In furtherance of the Executive Order, on February 5, 2025, U.S. Attorney General Bondi issued a memorandum entitled “Eliminating Internal Discriminatory Practices” to all Department of Justice employees (the “February Memorandum”). In part, the February Memorandum directed each Department of Justice component to recommend actions to align “enforcement activities, contracts (including set-asides), grants, consent orders, and litigating positions with the requirement of equal dignity and respect.”
On May 19, 2025, in support of these efforts, the DOJ announced the Civil Rights Fraud Initiative (the “Initiative”).
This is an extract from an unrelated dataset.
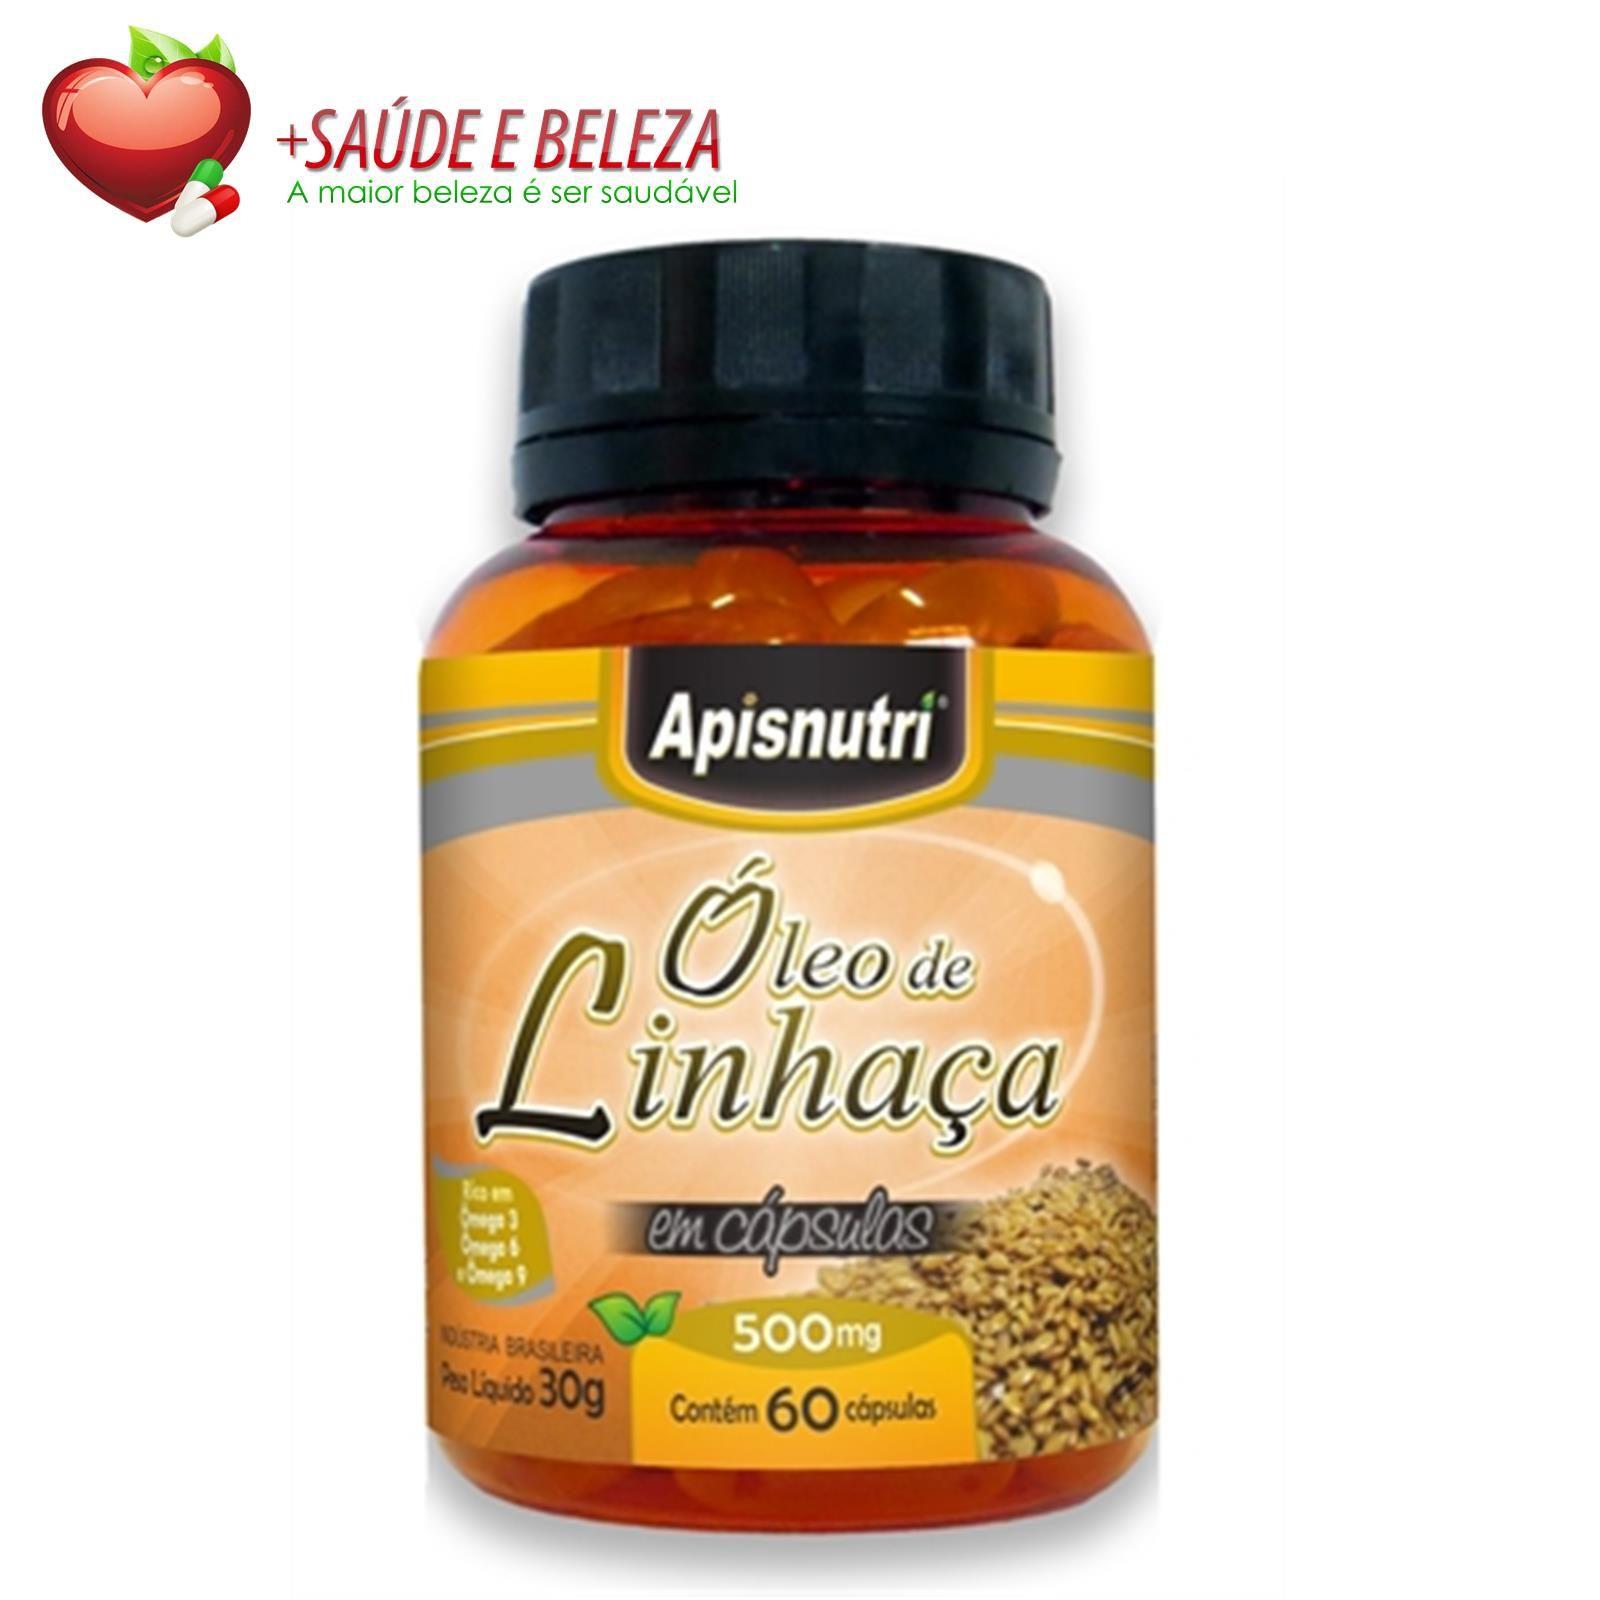 O Óleo de Linhaça é rico em ômega 3, 6, 9 e ácido graxos, por isso o Óleo de Linhaça auxilia na prevenção de doenças cardiovasculares, contribui para o bom funcionamento celular afastando o envelhecimento precoce e diminuindo dores musculares devido a exercícios físicos, além de ser anti-hipertensivo. http://www.maissaudeebeleza.com.br/p/390/oleo-de-linhaca-c60-capsulas-com-500mg?utm_source=facebook&utm_medium=link&utm_campaign=%C3%93leo+Linhaca&utm_content=post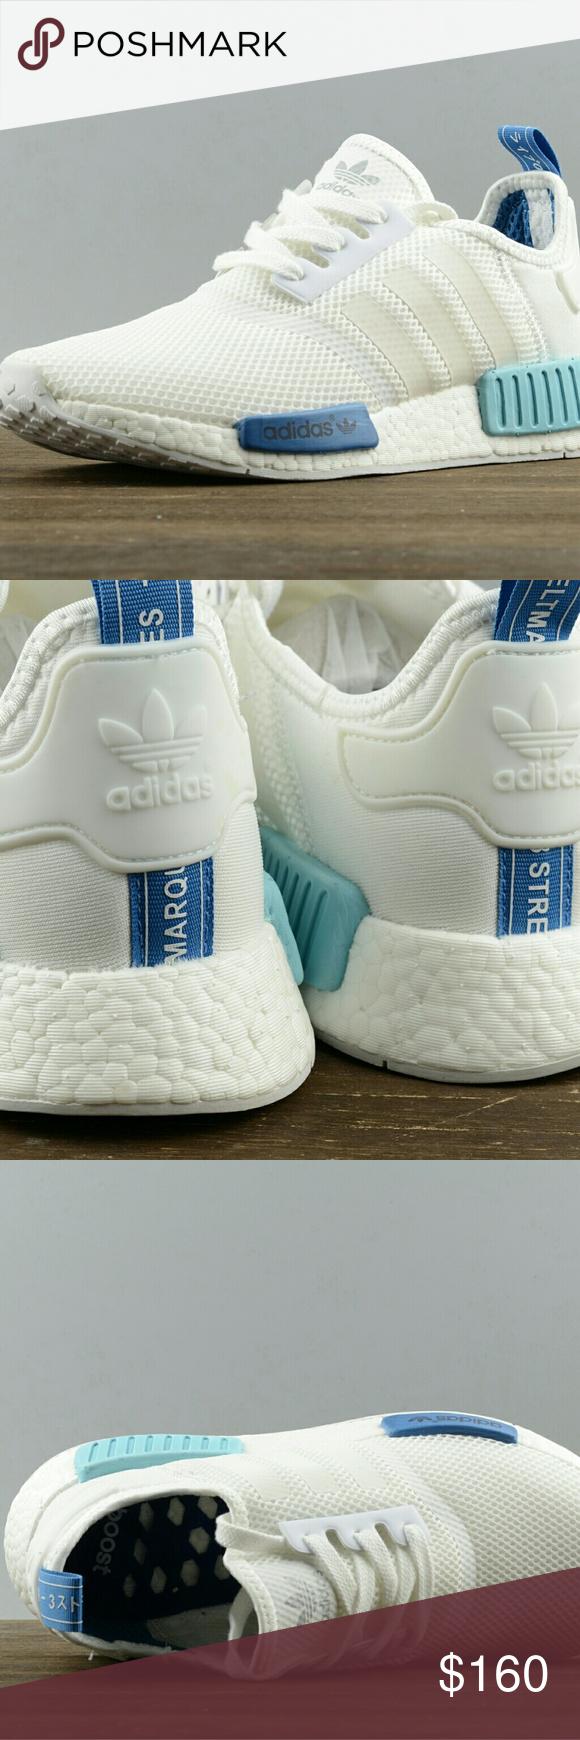 adidas nmd r1 impulso san paolo bianco blu s75235 dimensioni: 5 11; colore

The Initiative “will utilize the False Claims Act to investigate and, as appropriate, pursue claims against any recipient of federal funds that knowingly violates federal civil rights laws.” In announcing the Initiative, Attorney General Bondi stated that “[i]nstitutions that take federal money only to allow anti-Semitism and promote divisive DEI policies are putting their access to federal funds at risk.”
With these priorities, the Administration’s approach to FCA investigations and enforcement marks a significant and novel shift. While the Administration will certainly continue to focus on more traditional FCA actions such as healthcare fraud and COVID-related fraud, future investigations and enforcement will likely target civil rights enforcement and DEI programs. The DOJ has also moved quickly to utilize the FCA to investigate medical professionals, announcing on July 9, 2025 that it had issued more than 20 subpoenas to doctors and clinics that it alleges perform “transgender medical procedures on children.” The announcement notes that the investigations include inquiries into “healthcare fraud, false statements, and more.”
The Administration is already facing a recent challenge by various state attorneys generals who argue that the DOJ has “weaponized” the FCA. Given the Administration’s utilization of the FCA in novel ways, it’s likely that additional challenges will be brought. Providers, individuals, and companies who submit claims or have created DEI programs in the past should take active steps to ensure compliance and continue to confirm that any government claims and related records are well-documented and accurate. The FCA can be tremendously powerful, allowing for the recovery of significant civil damages and ultimately, potential criminal liability. Given that the FCA allows for suits by private whistleblowers, all parties should be cautious in submission and billing practices.